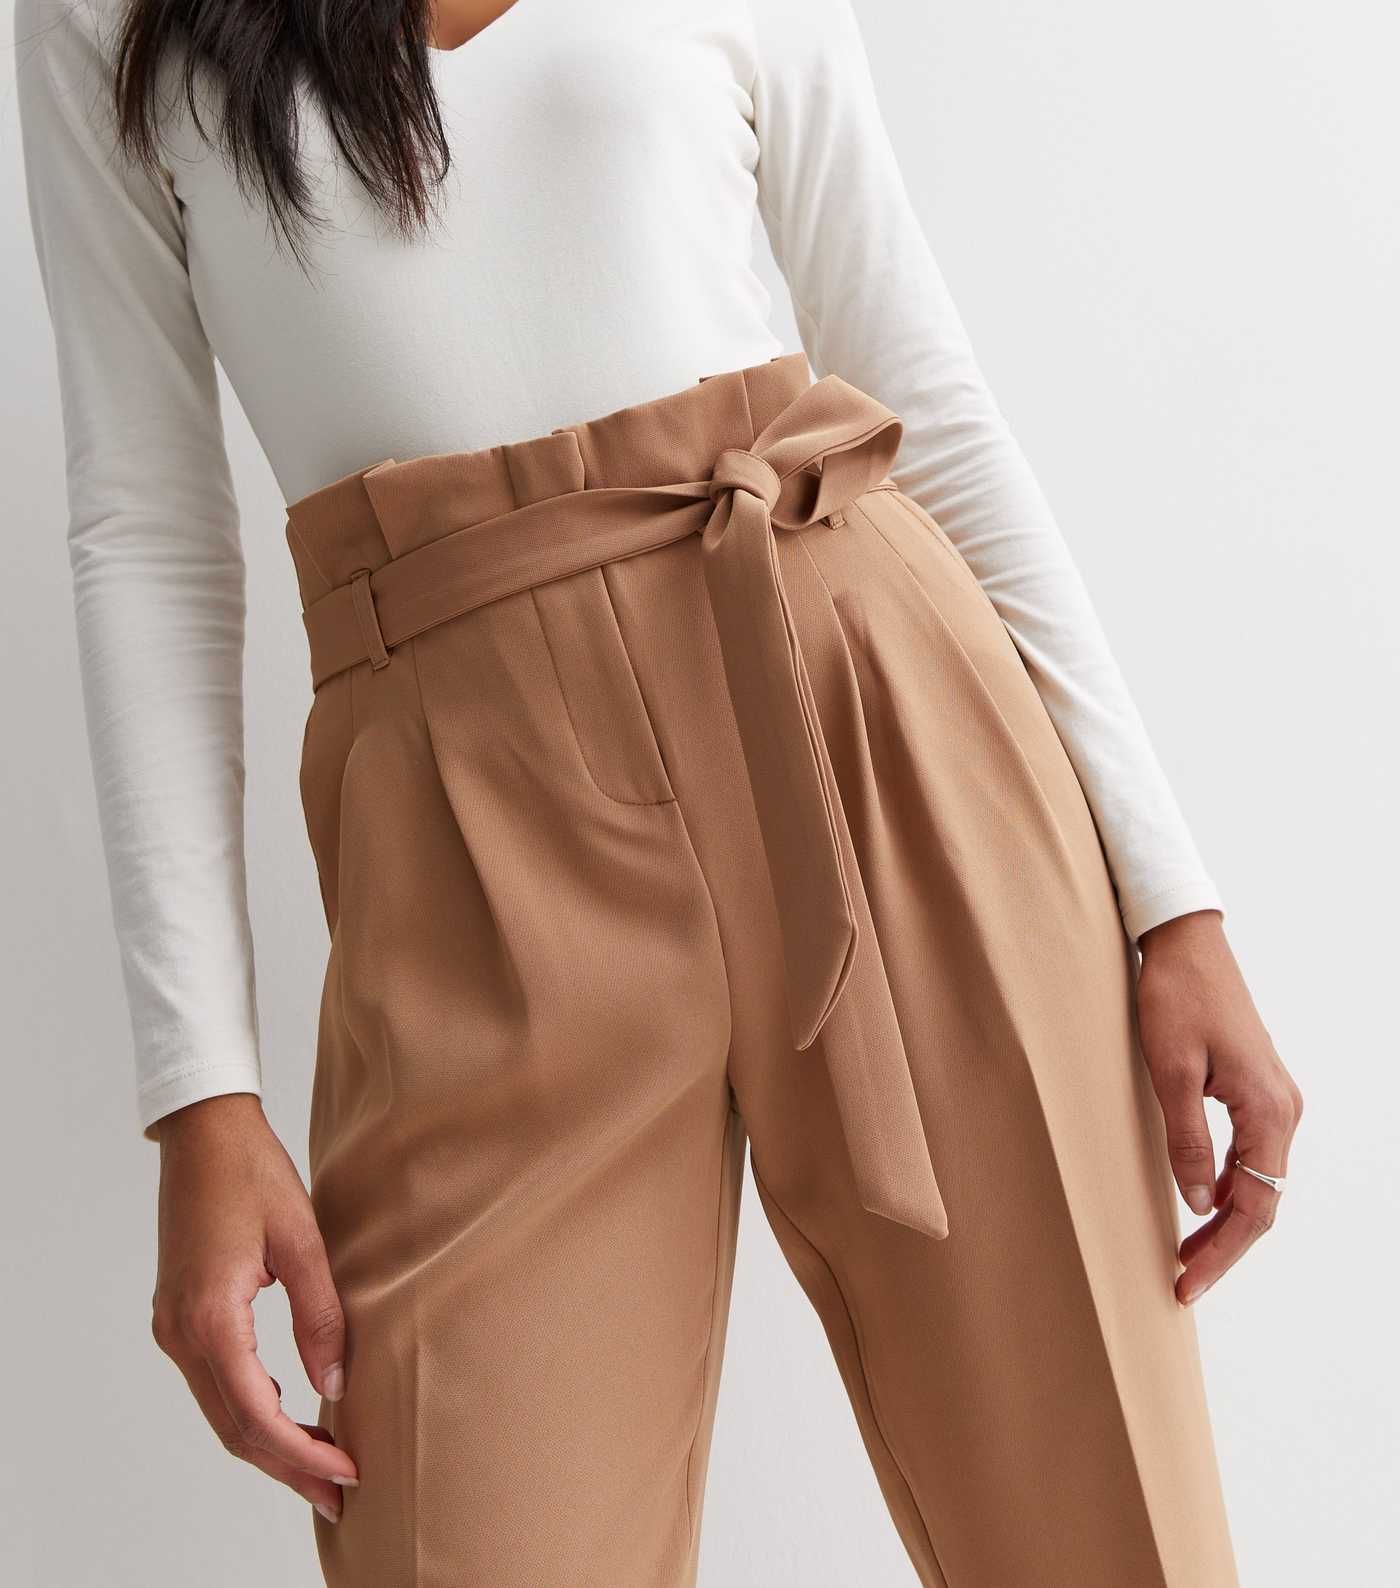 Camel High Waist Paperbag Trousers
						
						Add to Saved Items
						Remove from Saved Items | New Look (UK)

■ **About this exercise**: Check each line of the data above for the word "Items" and copy the ones where it is found.

■ **Response to the exercise**:
						Add to Saved Items
						Remove from Saved Items | New Look (UK)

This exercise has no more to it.